Читаем Волошинские чтения полностью

Вот откуда взялось странное по своей логике противопоставление страны и …социального, явления: там бюргерство, здесь — патриархальное крестьянство. Знание разных социальных классов в разных нациях, многократно усиленное, по-видимому, ностальгией, привело Тютчева к ложному представлению, будто истинная нравственность — только в России. Отсюда был один шаг и до вывода, что высокое предназначение России состоит в том, чтобы, объединив вокруг себя славянские народы, спасти все человечество от нравственного распада.

Волошин, как и Тютчев, соотносил именно с западной буржуазией все ненавистные ему черты. Более того, сама русская буржуазия представлялась ему явлением, заимствованным с Запада. Подобно Тютчеву, Волошин усматривал великое предназначение России не в национальной обособленности, как полагали славянофилы, а в сопряжении собой Востока и Запада, в спасении собой общечеловеческой культуры от растления: «Пойми великое предназначенье Славянством затаенного огня: В нем брезжит солнце завтрашнего дня, И крест его — всемирное служенье» (254). В этом было много общего с блоковскими «Скифами».

V

В мироощущении Волошина и Тютчева слишком велик романтический и эмоциональный момент. Может быть, поэтому в их творчестве так много взаимоисключающих утверждений, может быть, поэтому в их образах и неустойчивость и зыбкость. Л. Черепнин отмечает неустойчивость терминологии в стихах и статьях Тютчева[132]. Разин у Волошина предстает то демонической фигурой, наряду с Гришкой Отрепьевым, то народным мстителем, ищущим справедливости; Петр I — то великим преобразователем, то кровавым палачом.

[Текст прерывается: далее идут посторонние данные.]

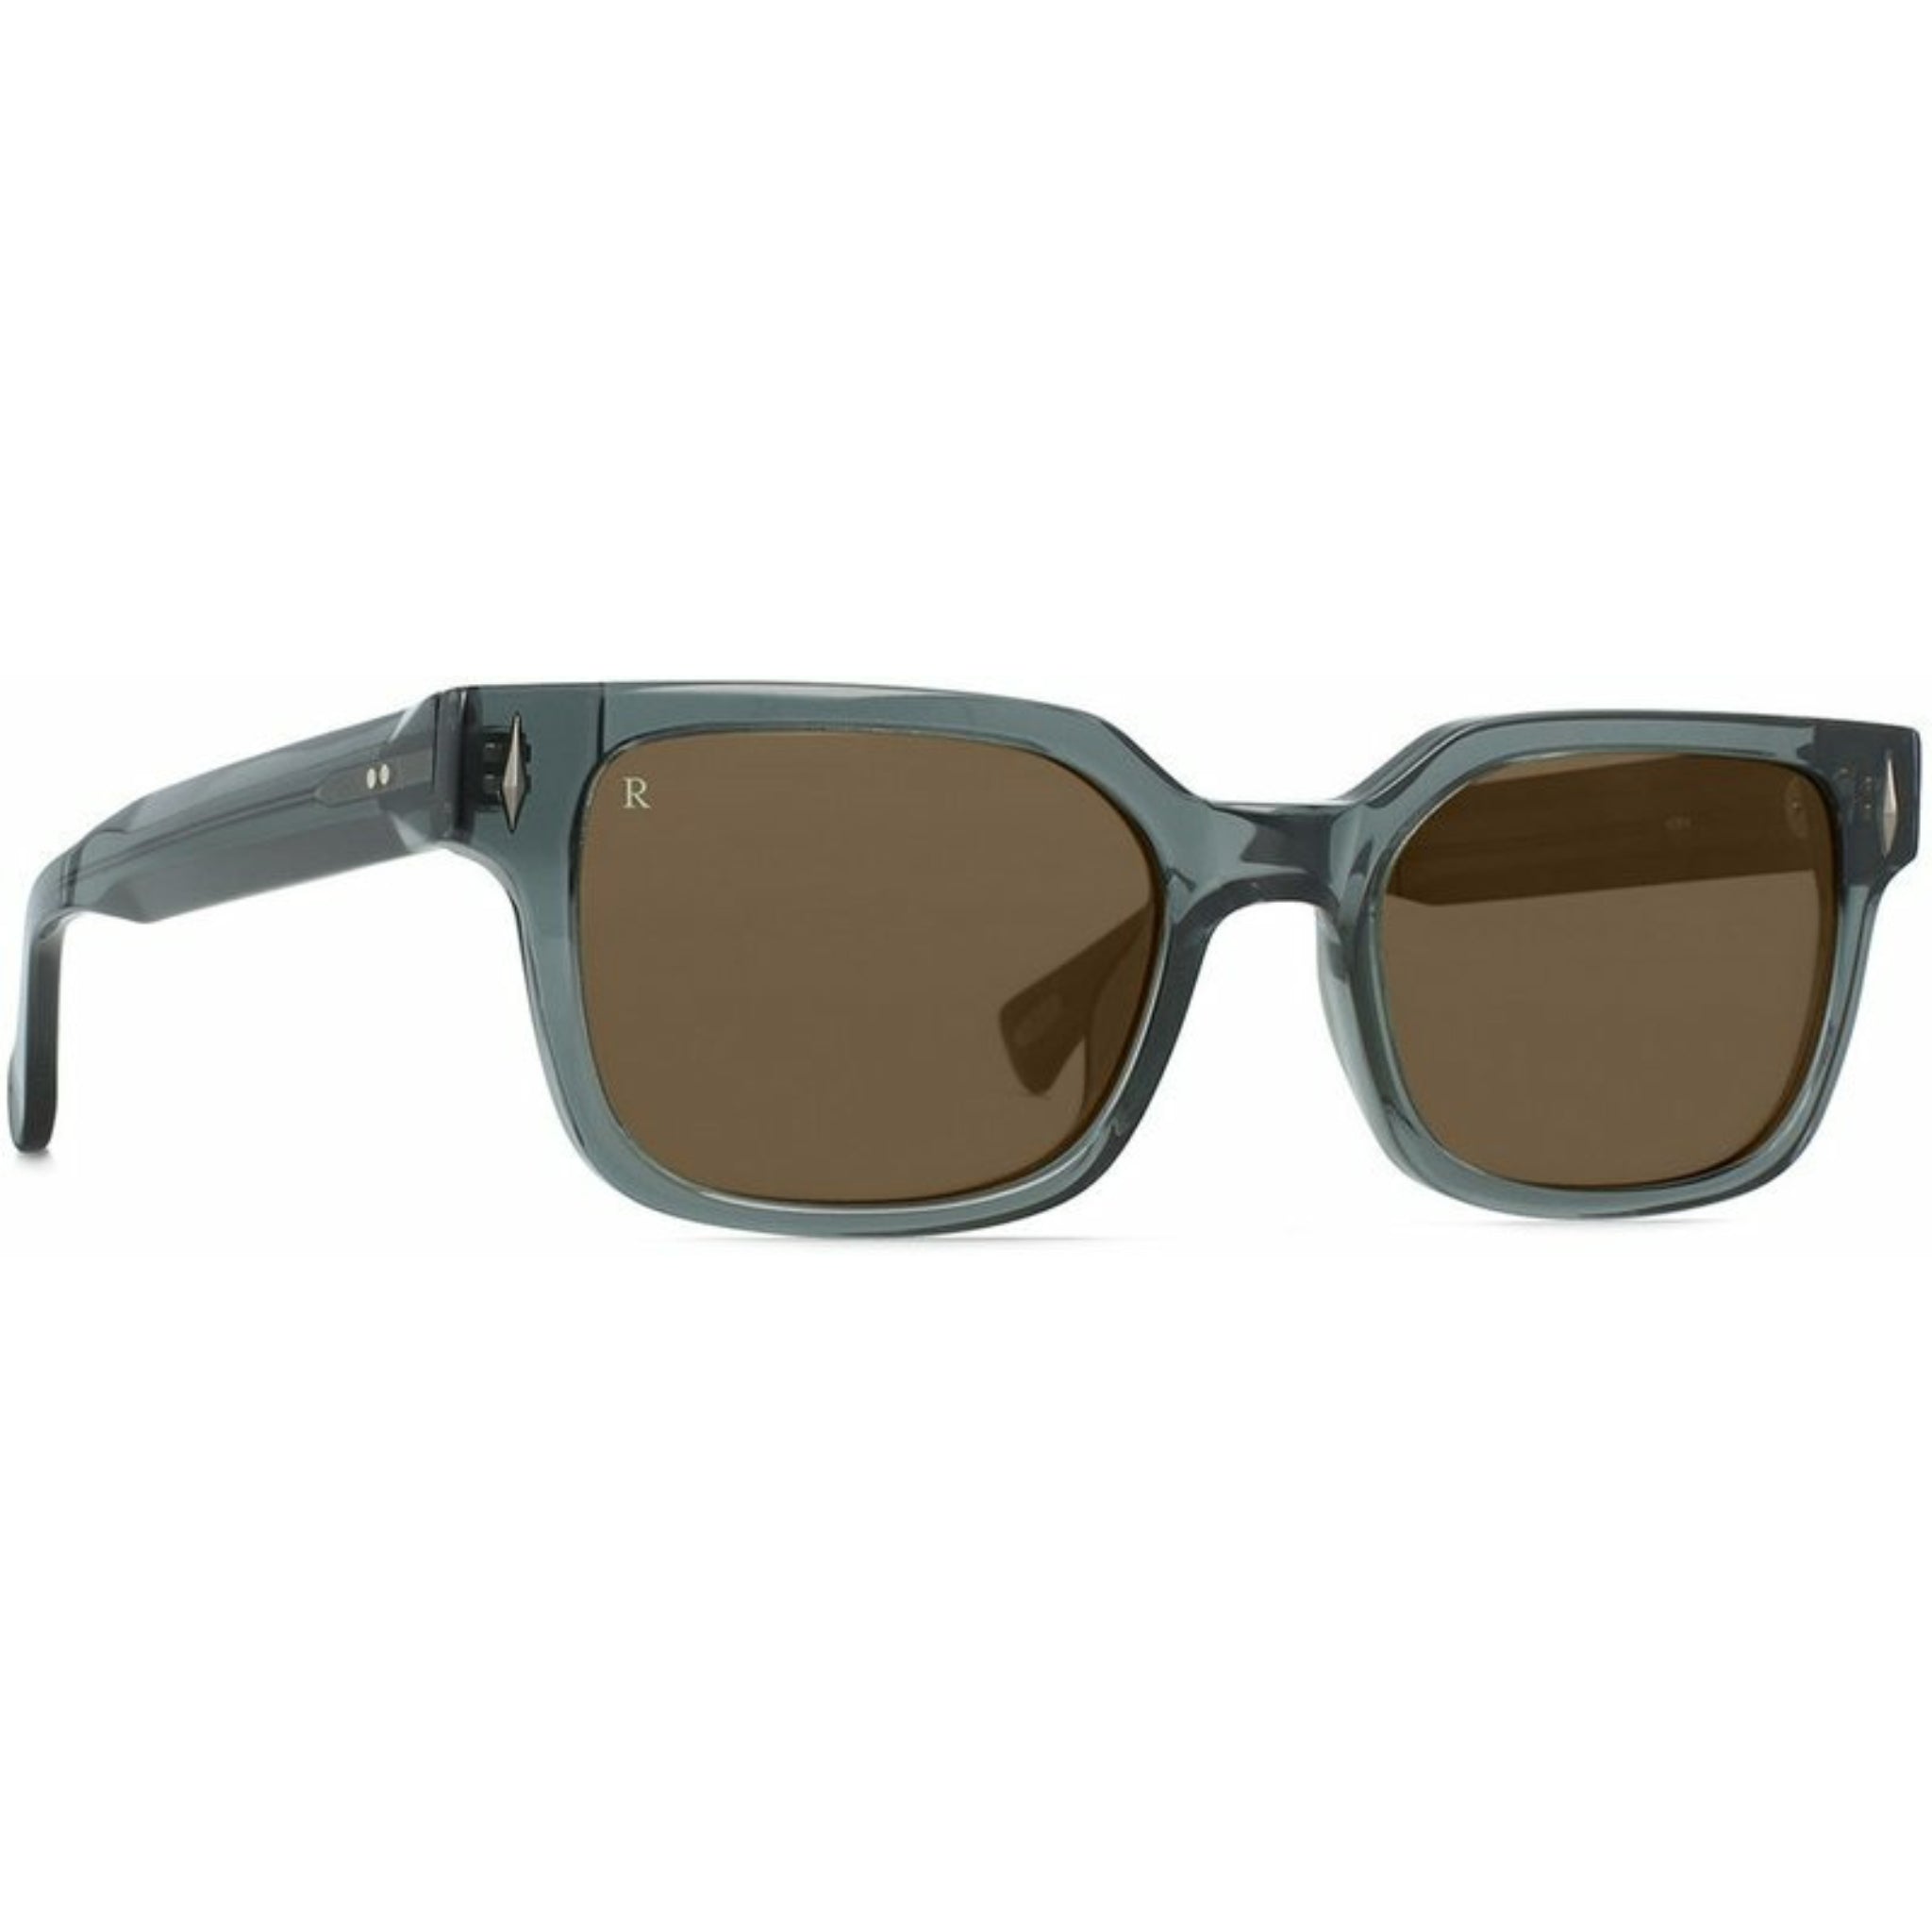 Raen Derbi Nomad Sunglasses grey Brown Polarized grey lens 54-19-145 plus  pouch | eBay

Эта «зыбкость», известная неопределенность образа представляется любопытным элементом родства поэтики Тютчева и Волошина, рождающим особую многомерность их поэтических образов. Н. Берковский отмечал, что Тютчев видел вещи двояко, во всей широте их возможностей: «Метафора у Тютчева готова развернуть все силы в любом направлении… Через весь мир идет сквозная перспектива, все прозрачно, все проницаемо, весь мир отлично виден из конца в конец»[133]. И те же черты присущи волошинской метафоре, особенно в поэмах цикла «Путями Каина», где порой чуть ли не вся поэма («Пар», например) представляет собой гигантски разросшуюся «полимерную» метафору, объединяющую в себе самые разнородные понятия и явления.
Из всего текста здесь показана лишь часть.